Wouldn’t it be great if we could stop this from happening? While we can’t halt the inevitable march of time, research has revealed a few ways to at least slow the aging process…
But by far the most convincing evidence for slowing aging has come from calorie restriction.
For years, studies involving fruit flies, worms and even mice have shown calorie restriction — with proper nutrition — seems to extend lifespan and delay the onset of age-related disorders by reducing what is called reactive oxygen species in the body.
And now, drum roll please, they’ve finally gone a done it…
An international team of researchers led by Columbia University conducted the CALERIE study — which stands for Comprehensive Assessment of Long-Term Effects of Reducing Intake of Energy — the first-ever investigation into the effects of long-term calorie restriction… in humans.

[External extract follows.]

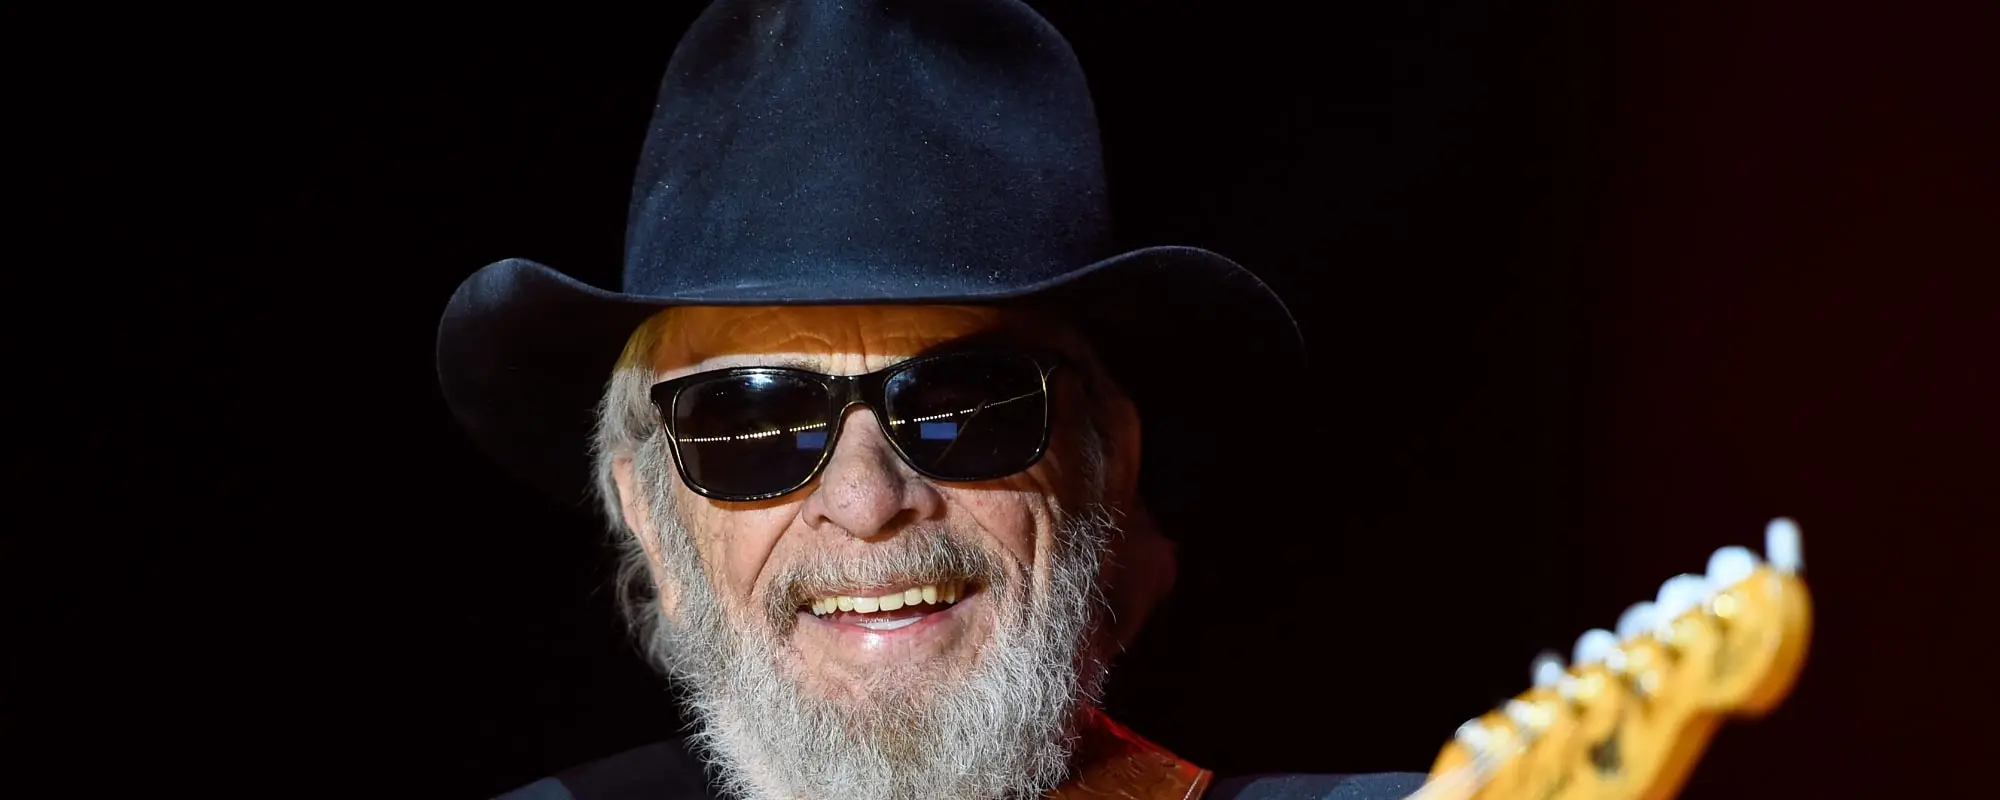 Merle Haggard wrote one of the best outlaw country songs about mom.

Slowing the pace of human aging
They chose 220 healthy and non-obese clinical trial participants who were randomly assigned to a 25 percent calorie-restricted diet or a normal diet for two years.
To measure their biological aging, researchers analyzed the participants’ blood samples at the start of the trial, then again at 12 months and 24 months. Specifically, they looked at chemical tags on each participant’s DNA sequence that are known to change with aging, measurements that are sometimes referred to as “epigenetic clocks.”
The researchers focused on three such measurements. The first two are the PhenoAge and GrimAge epigenetic clocks, which estimate the chronological age at which a person’s biology would appear normal. The third, DunedinPACE, estimates the pace at which biological deterioration, or aging, occurs over time.
The researchers say to think of the first two measurements as “odometers” that give a static measure of how much “aging mileage” a person has experienced. The third measurement is more like a “speedometer” that shows how fast the aging process is going — and this is the measurement that related most to slowing aging.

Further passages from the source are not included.